HOW TO COMPLETE THIS TASK -> Only the lines from the one containing "Fish aquarium wiki - Aquarium Fish Portal" to the end of the data should be copied, exactly and without pictures.

GIVEN DATA ->
=== Section Start ===
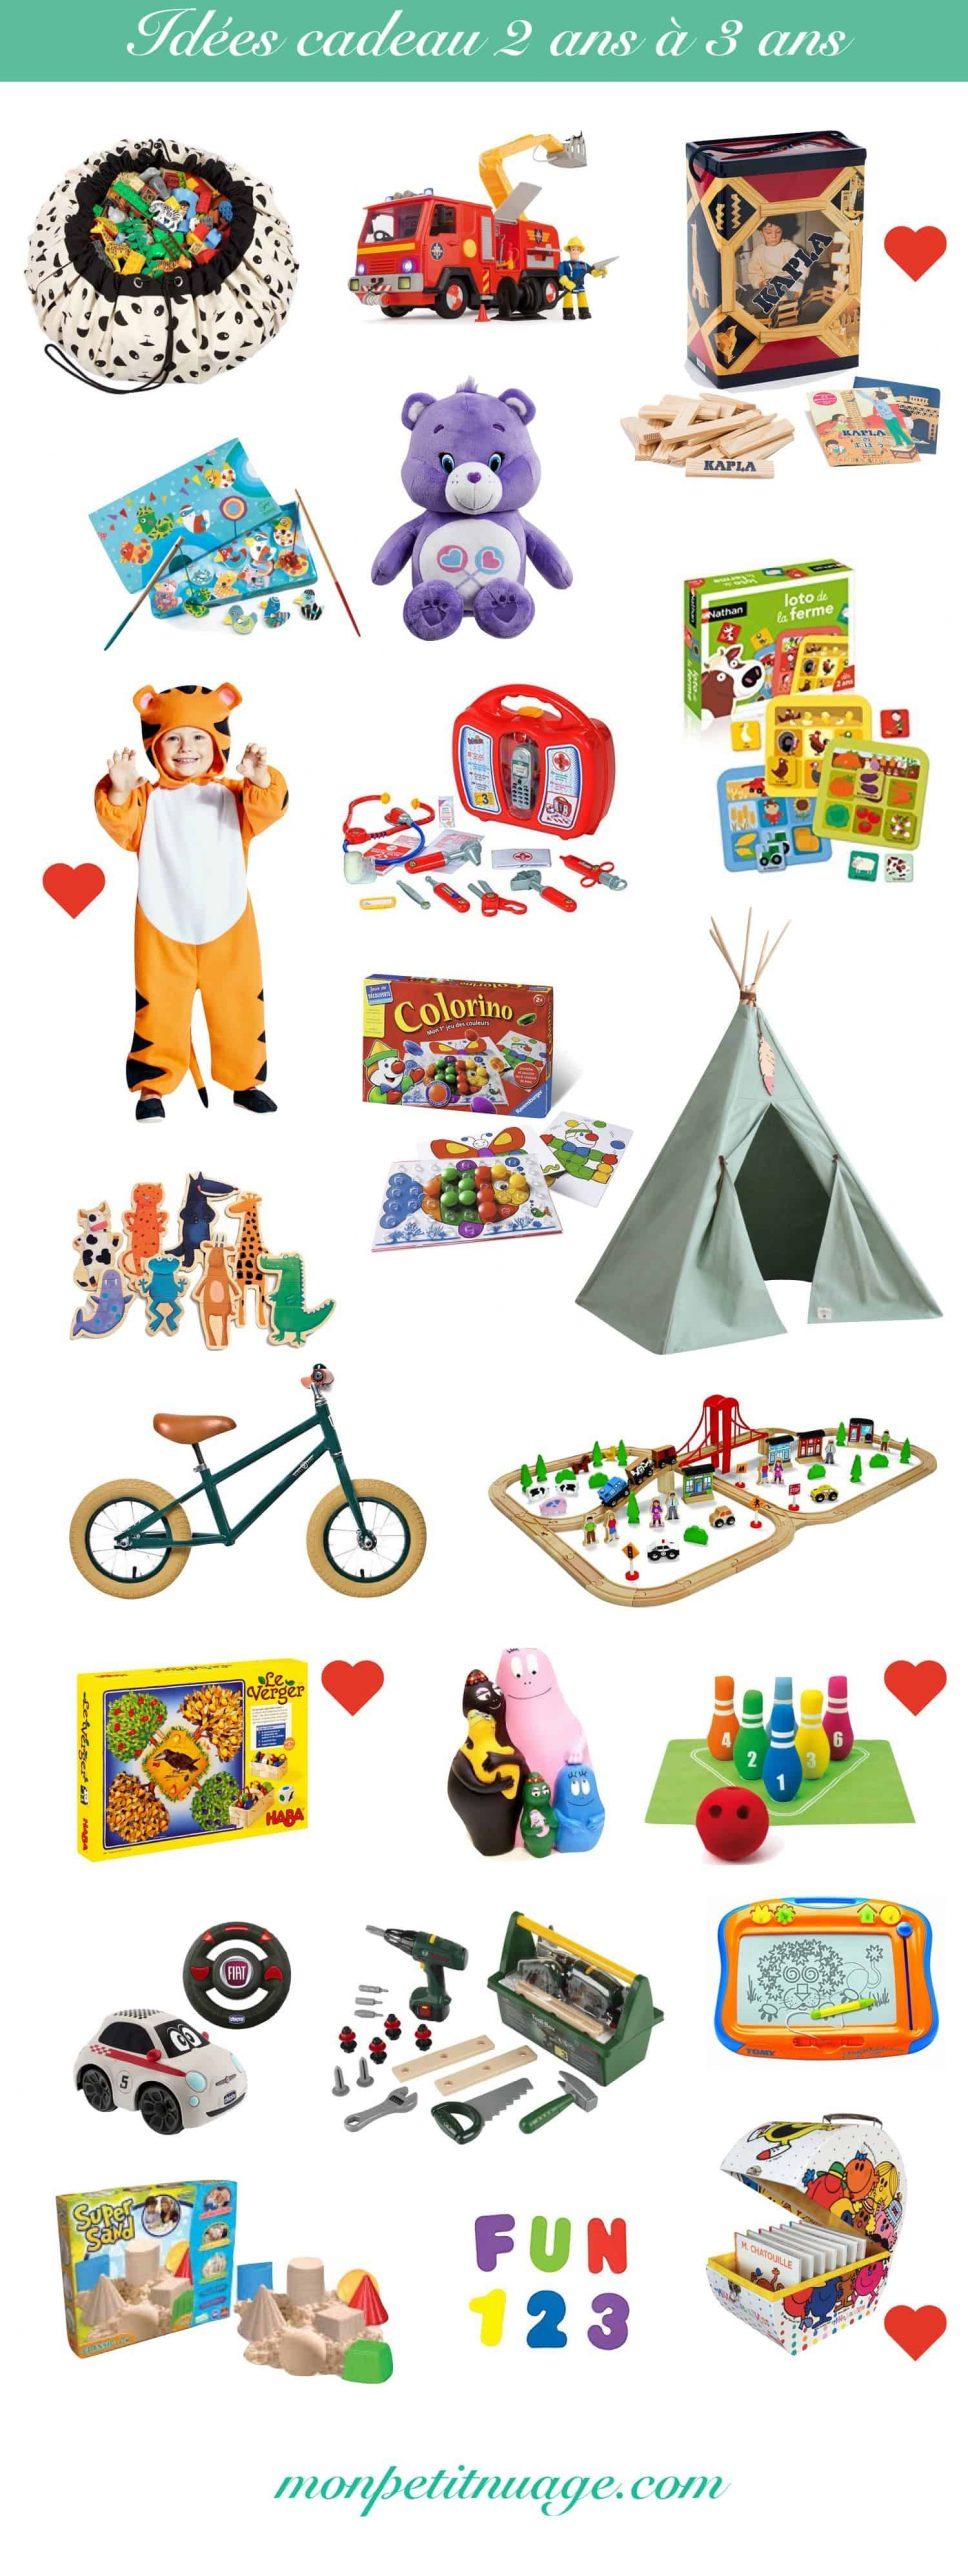 Idées Cadeaux Bébé & Enfant : 6 Mois, 1 An, 2 Ans, 3 Ans destiné Jeux Bebe 3 Ans
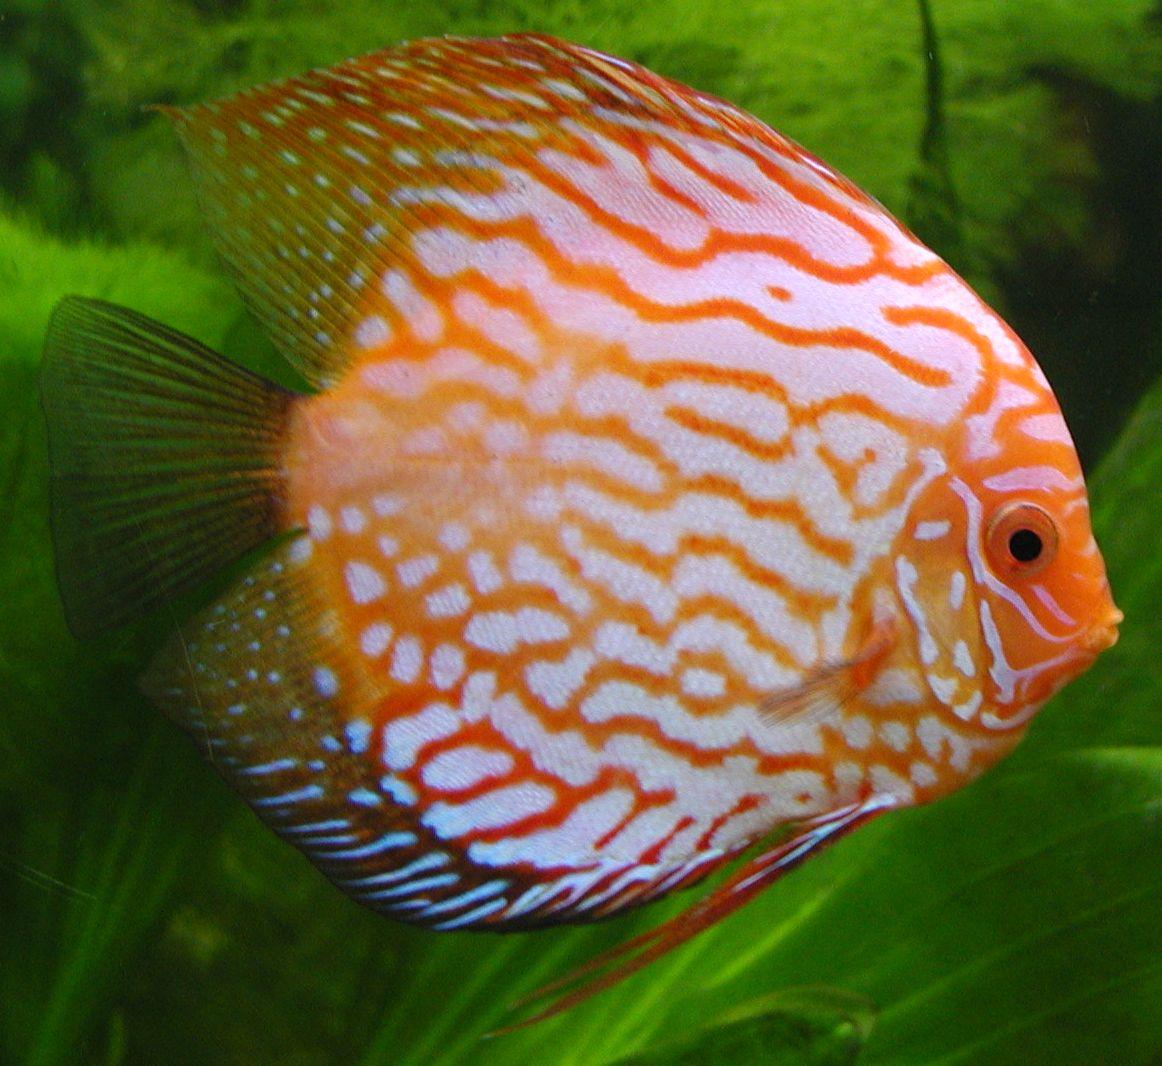 Fish aquarium wiki - Aquarium Fish Portal
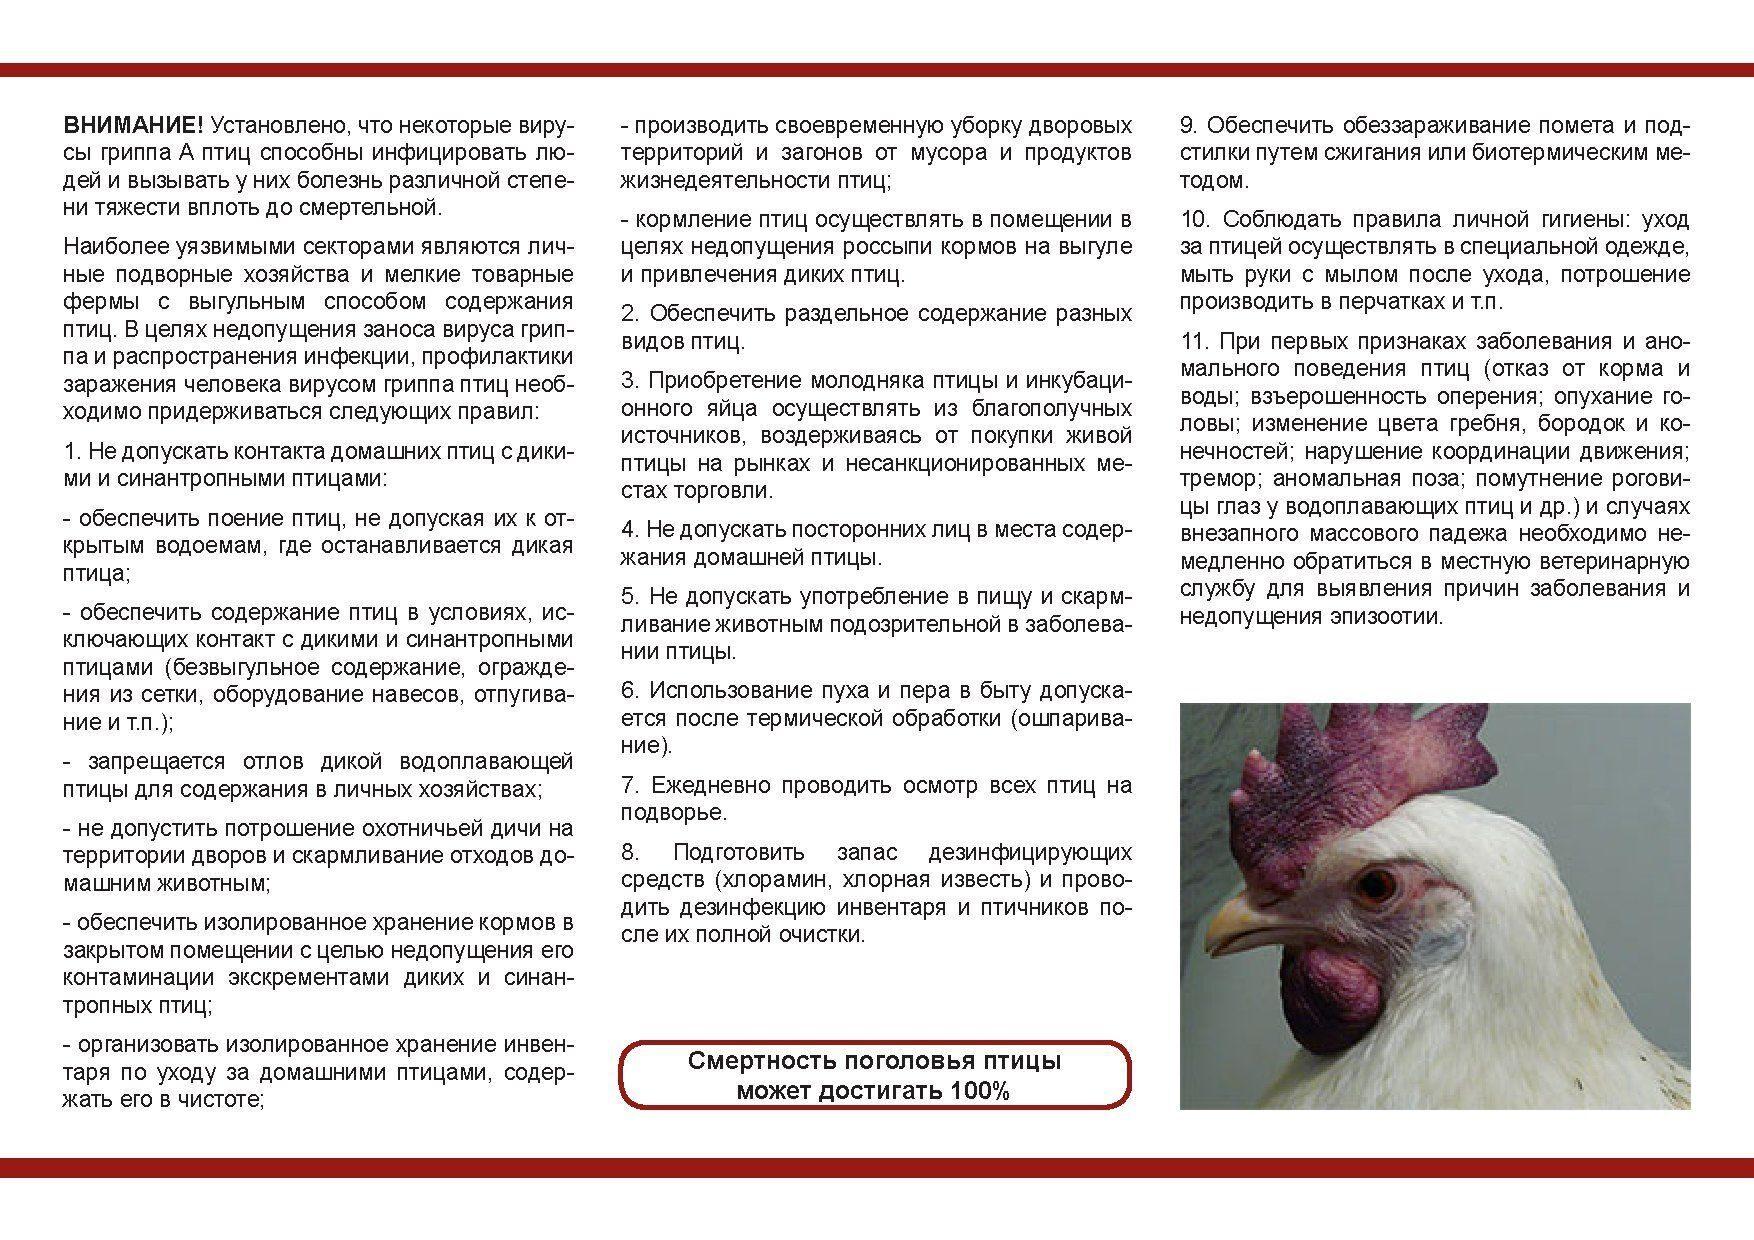 отчет в фонд занятости о принятых работниках бланк 5-пн
=== Section End ===
SOLUTION TO THIS TASK ->
 Fish aquarium wiki - Aquarium Fish Portal
 отчет в фонд занятости о принятых работниках бланк 5-пн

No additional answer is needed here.